Devil's Bridge has been a tourist attraction for centuries. Records indicate that tourists were coming to this area by the mid-1700s and that an inn or hotel has existed nearby since before 1796.

The area was once part of the Hafod estate, owned by Thomas Johnes who built a small hunting lodge on the estate which was eventually expanded into an inn. The building burned down and was rebuilt. Significant renovations were completed in 1837–1839 and in the 1860s. After several expansions and upgrades, it has been operated as the Hafod Hotel, using this name since the 1860s. In 2017, new owners had arranged for a survey in preparation for a major renovation; they intended to maintain much of the historical character of the building. Some interior renovation work had been completed by September 2017.

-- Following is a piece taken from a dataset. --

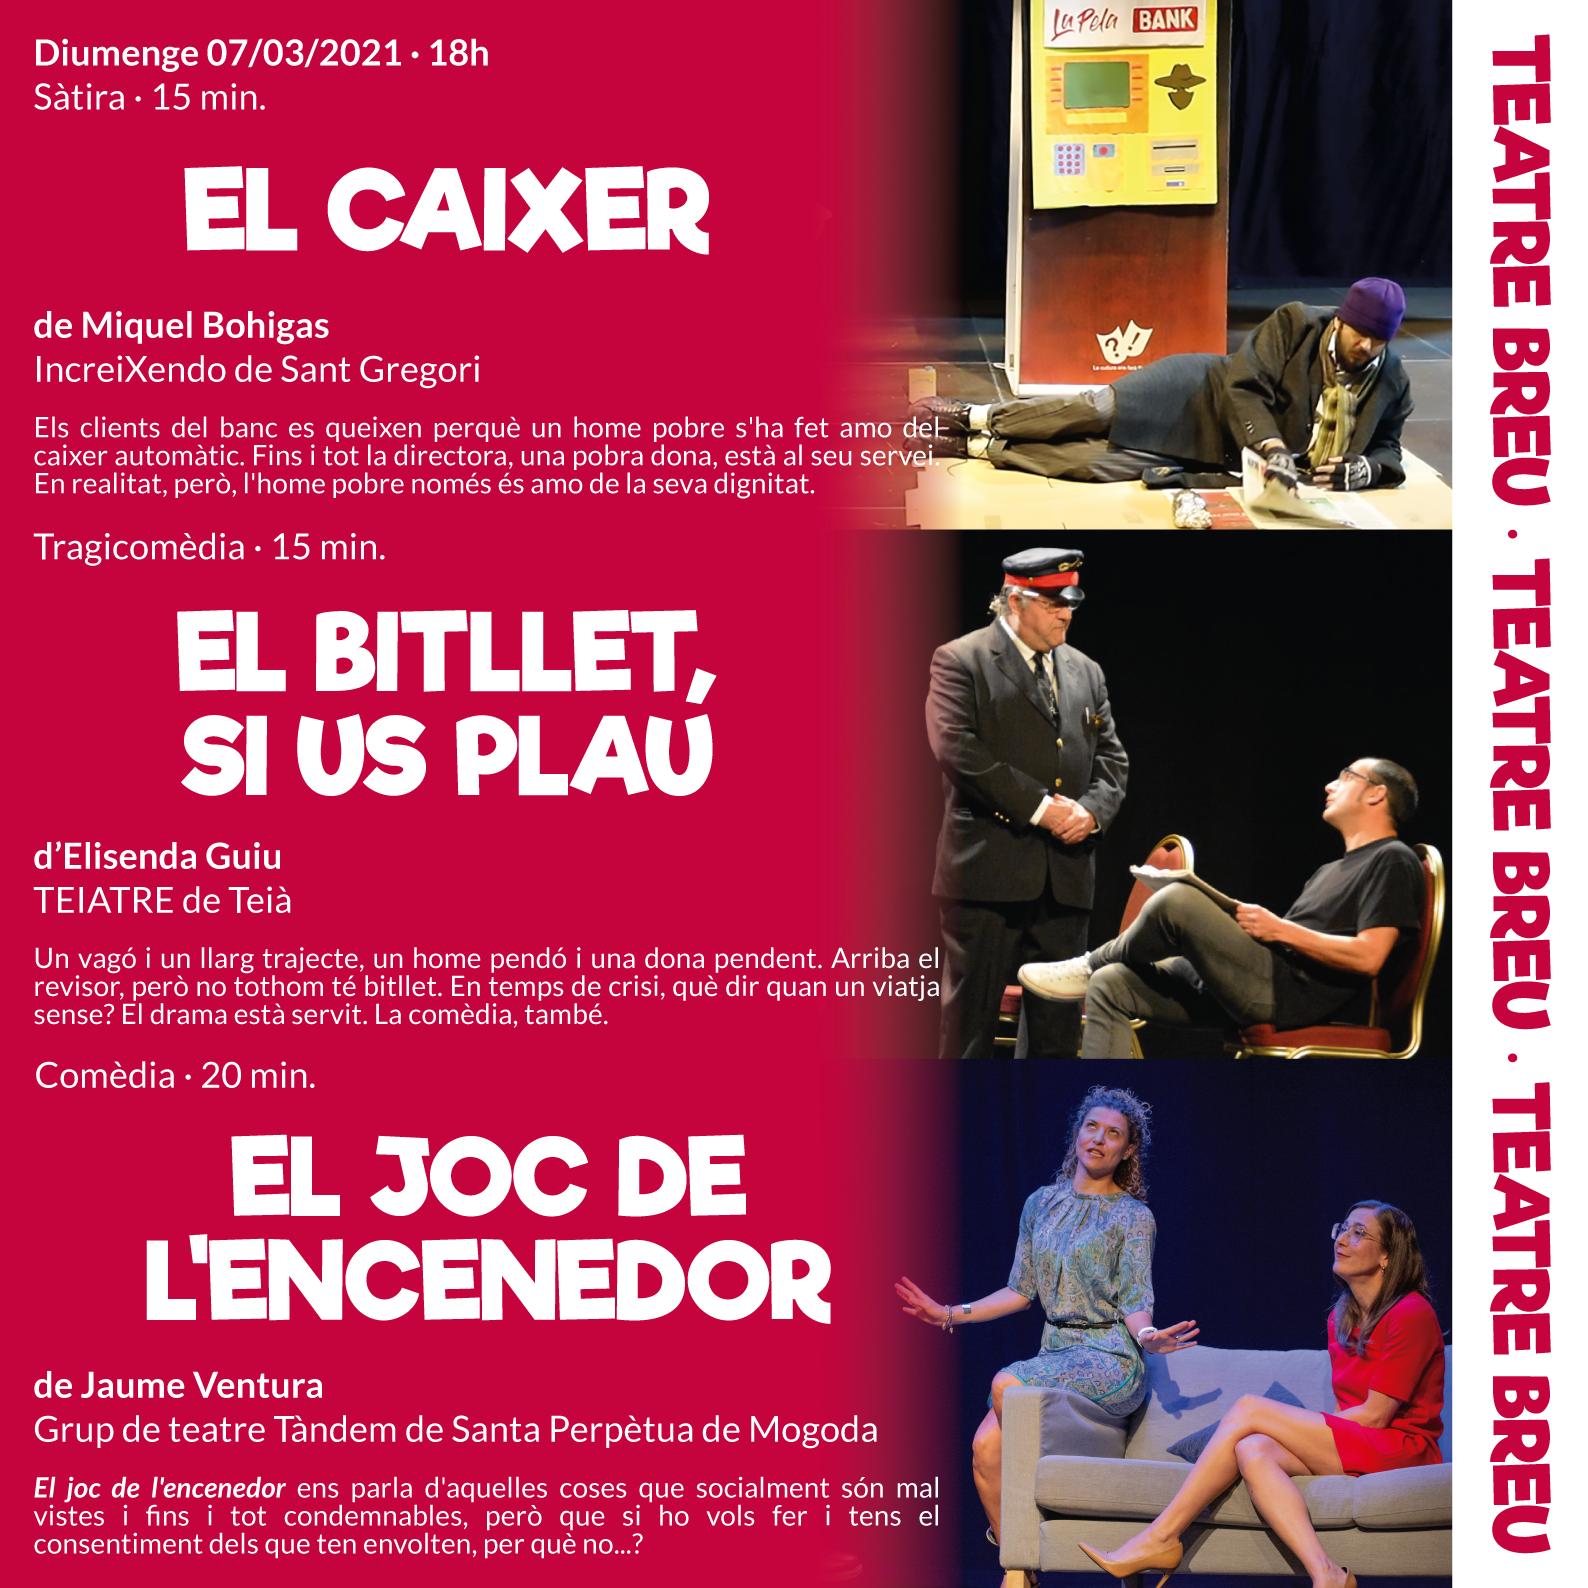 2. Teatre Breu

The artist J. M. W. Turner sketched the bridge; this work is at the Tate Gallery, London. He also produced two watercolours of the area in 1795. In 1824, William Wordsworth published a poem, To the Torrent at the Devil’s Bridge, North Wales.

The celebrated English author George Borrow wrote Wild Wales (1854), which includes a lively, humorous account of his visit to Devil's Bridge. The George Borrow Hotel, a 17th-century inn where he reputedly stayed, is nearby; it is located between Devil's Bridge and Pontrhydygroeis Hafod Uchtryd.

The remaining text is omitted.